I just remembered some of the debates my friends and I used to have over which version of “Wind” was better—the original one by The Diablos, or the cover on this album by The Jesters. You be the judge.
Here’s The Jesters version:
Before there was The Jackson Five or groups like Boyz II Men, the Black teenage heartthrob group was Frankie Lymon and the Teenagers. From Washington Heights in upper Manhattan, the group was made up of both Black and Puerto Rican members.
This clip is from their first live television performance on The Frankie Laine Show, which aired in 1956.
Lest you think that fame and fortune for these youngsters from New York was the only facet of their history, some of the harsh realities of life in the ‘50s were a key part of Frankie Lymon’s story.

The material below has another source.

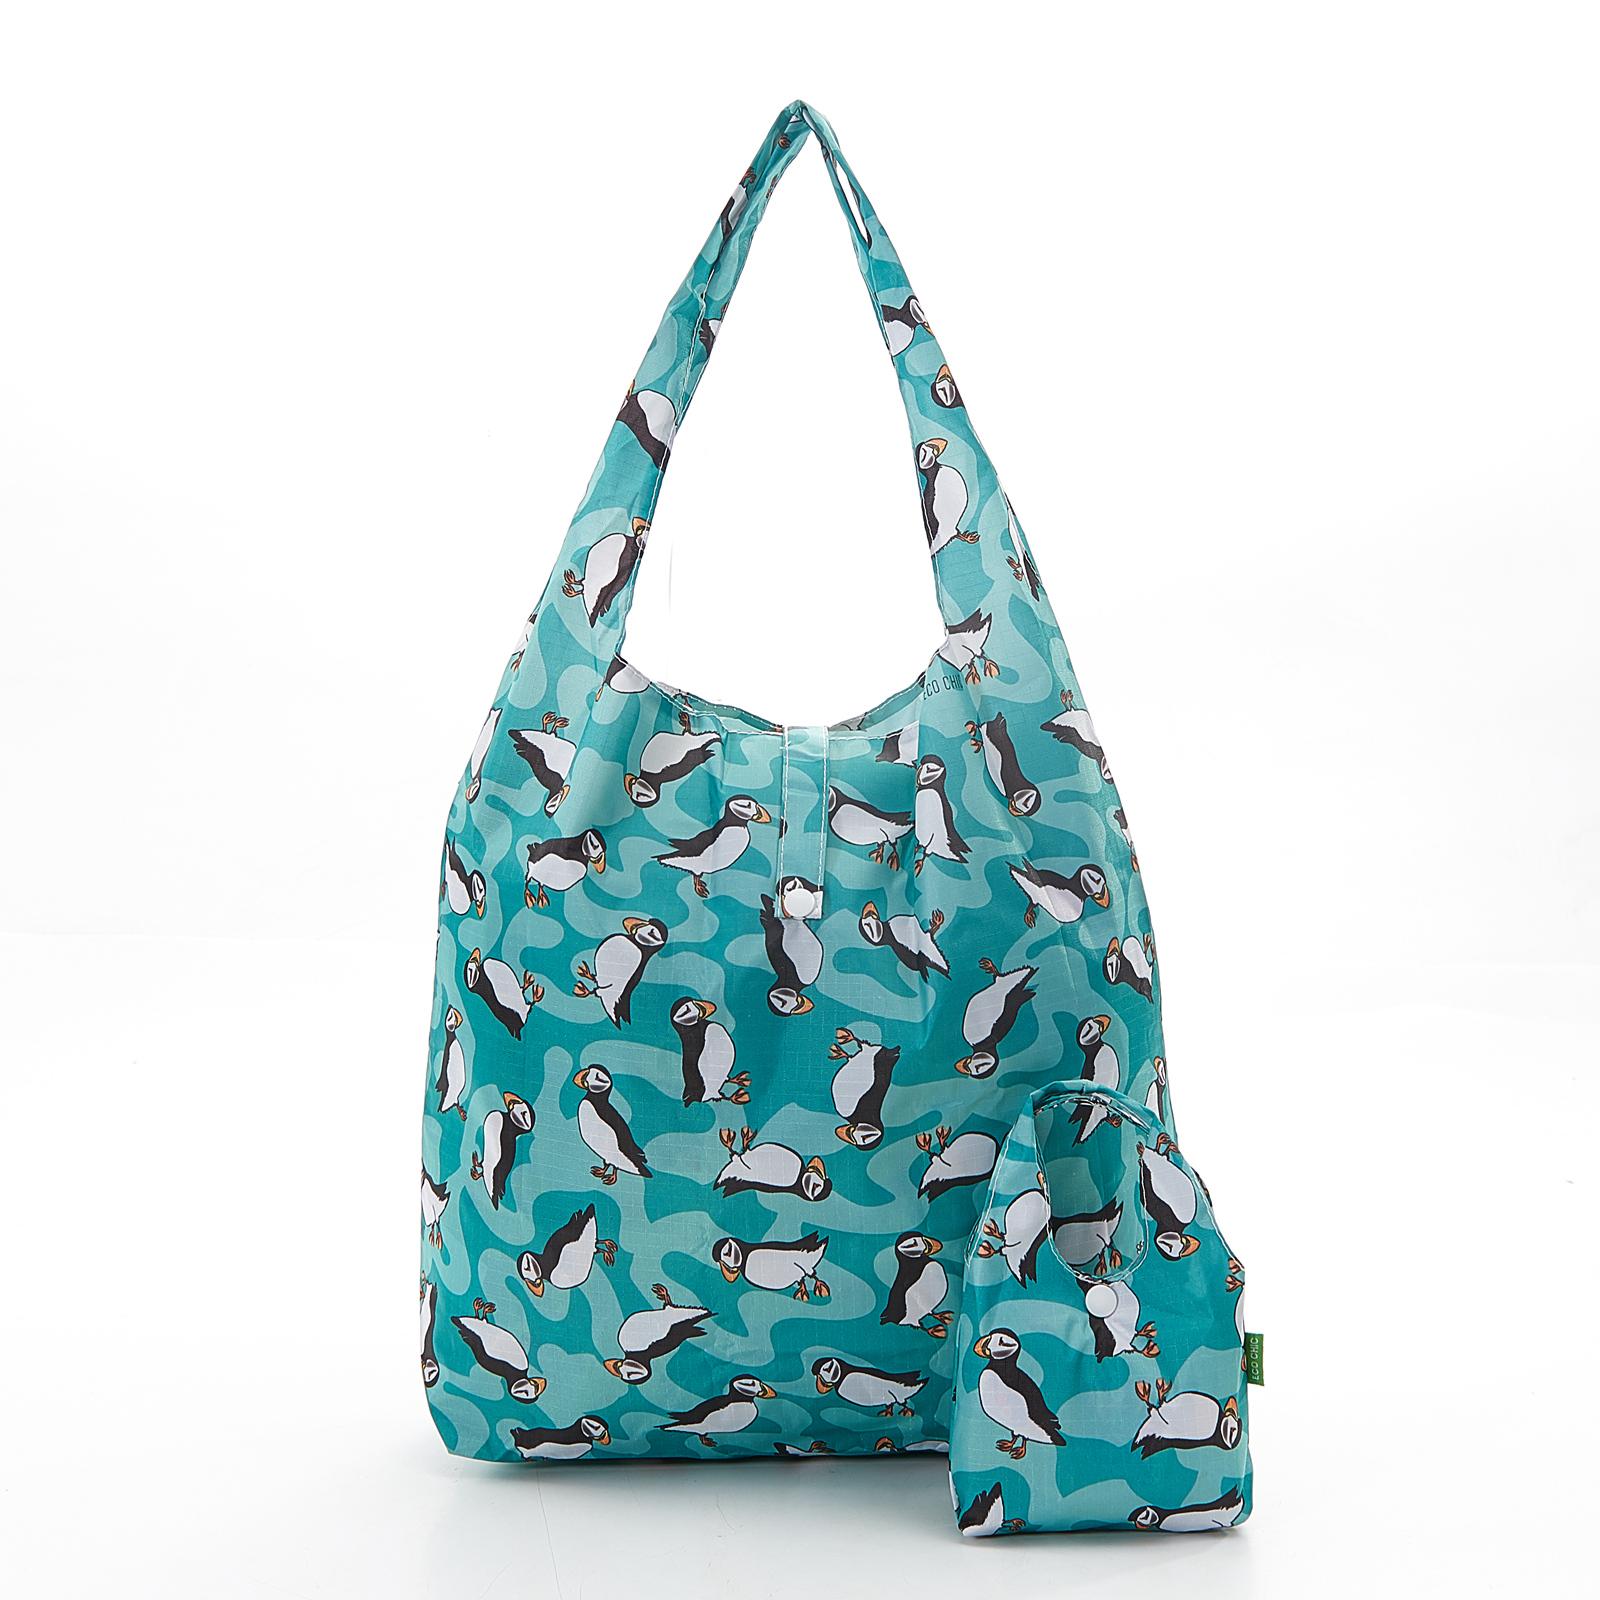 Foldaway shopping bag, puffins

Jeff MacGregor’s feature, Teen Idol Frankie Lymon’s Tragic Rise and Fall Tells the Truth About 1950s America for The Smithsonian Magazine, is a sobering read.
Frankie Lymon and the Teenagers were five kids from Washington Heights, just north of Harlem. They sang doo-wop under the streetlight on the corner of 165th and Amsterdam. They were discovered by the Valentines’ lead singer Richie Barrett while the kids were rehearsing in an apartment house. A few months later their first record, “Why Do Fools Fall in Love?” made it to the top of the national charts. It was 1956. Overnight, Frankie Lymon was the hottest singer in America, off on a world tour. He was 13 years old...

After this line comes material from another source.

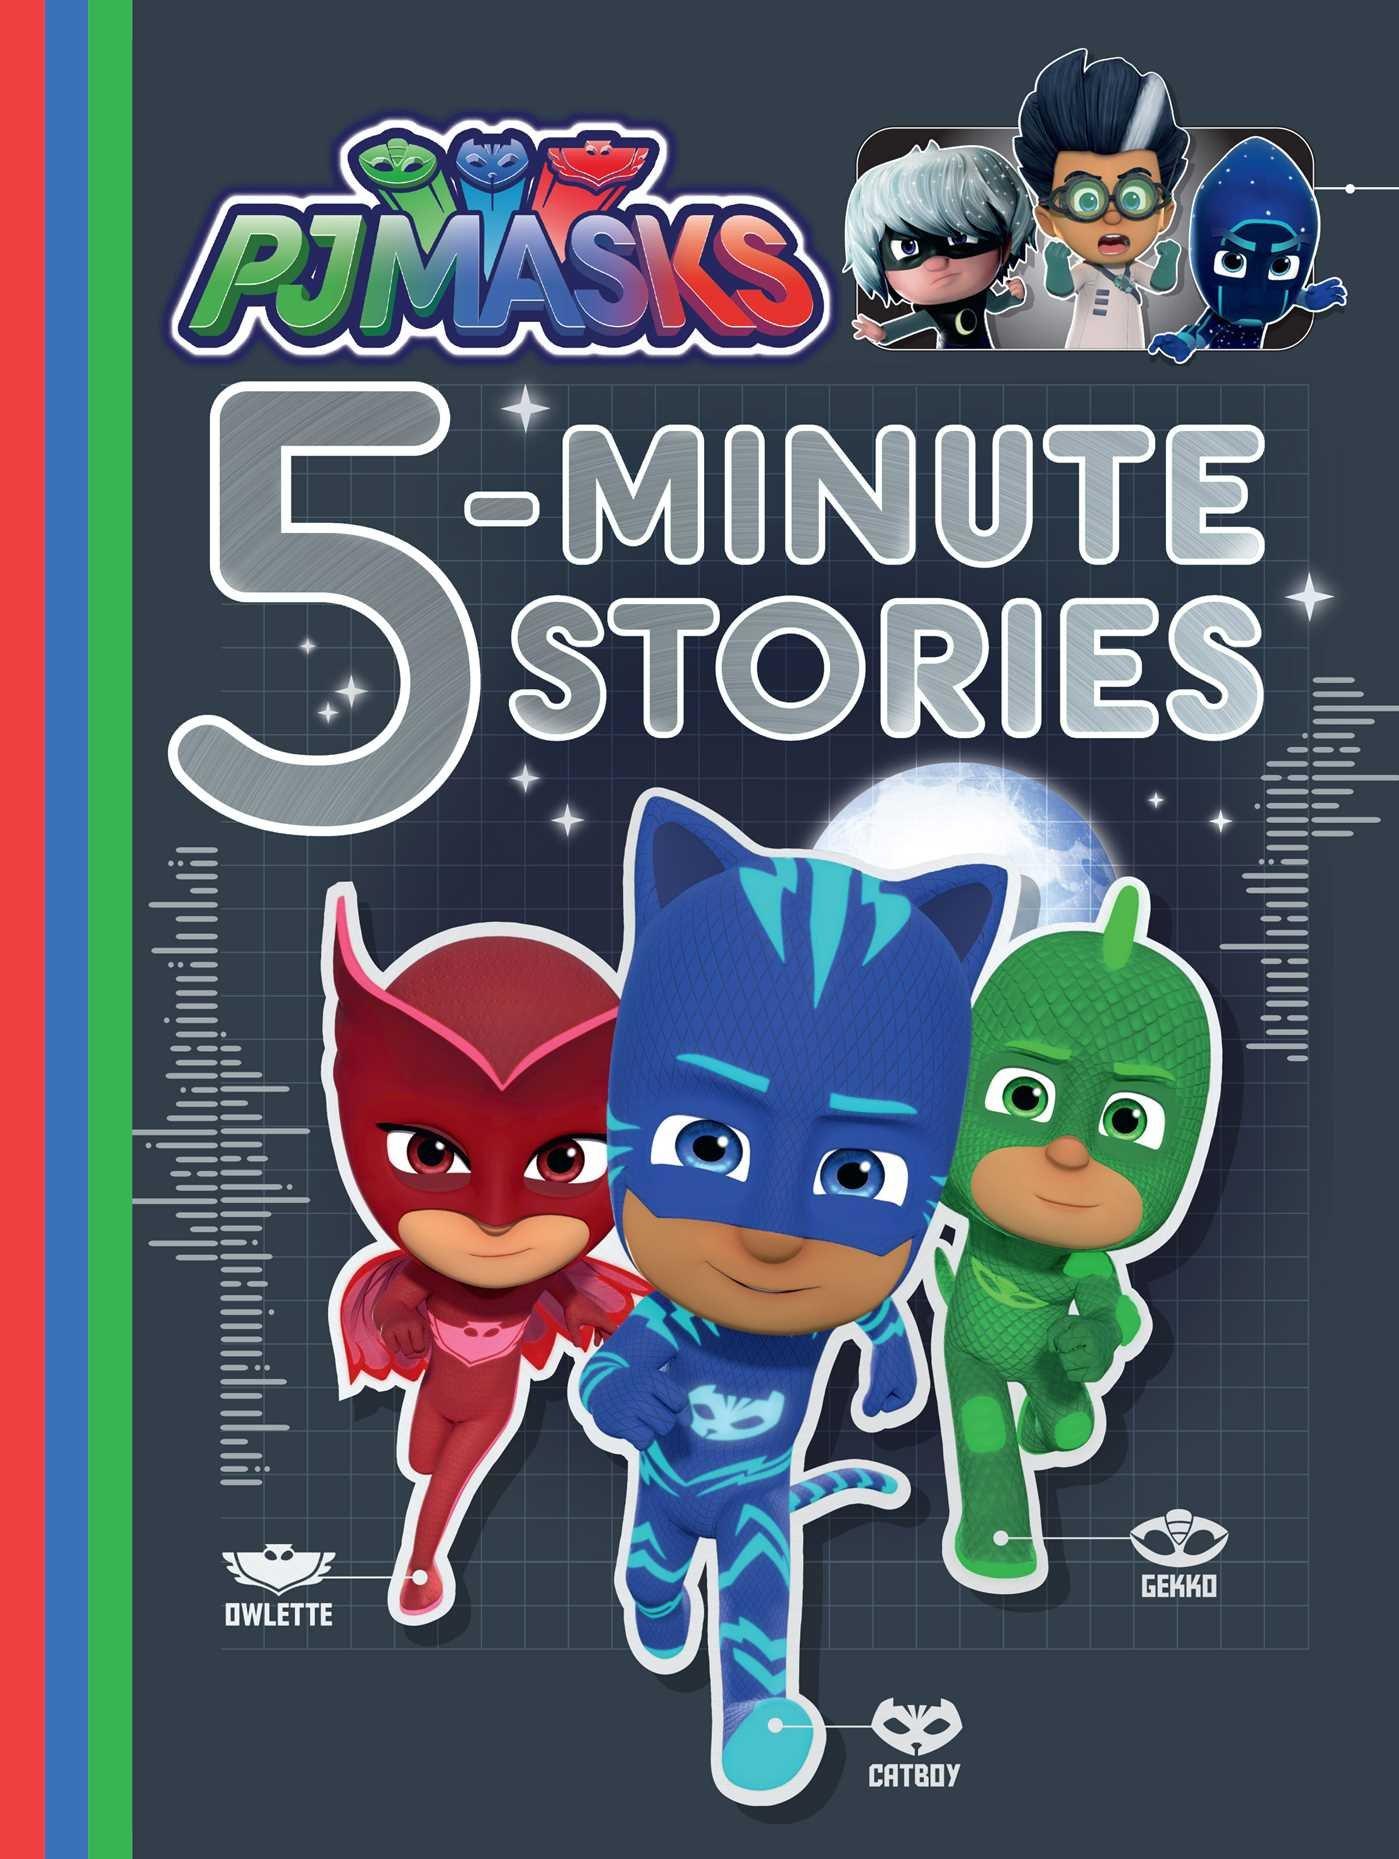 Pj Masks 5-Minute Stories : Various: Amazon.es: Libros

Truth is, Frankie Lymon grew up too fast in every way imaginable. “I never was a child, although I was billed in every theater and auditorium where I appeared as a child star,” Lymon told Art Peters, a reporter for Ebony magazine, in 1967. “I was a man when I was 11 years old, doing everything that most men do. In the neighborhood where I lived, there was no time to be a child. There were five children in my family and my folks had to scuffle to make ends meet. My father was a truck driver and my mother worked as a domestic in white folks’ homes. While kids my age were playing stickball and marbles, I was working in the corner grocery store carrying orders to help pay the rent.”
A few days before Frankie and his friends from the corner recorded the song that made them famous, Rosa Parks was pulled off a bus in Montgomery, Alabama. Less than two years later, Frankie danced with a white girl on a national television show, and the show was swiftly canceled. Another part of the legend.
Race integration in pop music was never going to be simple.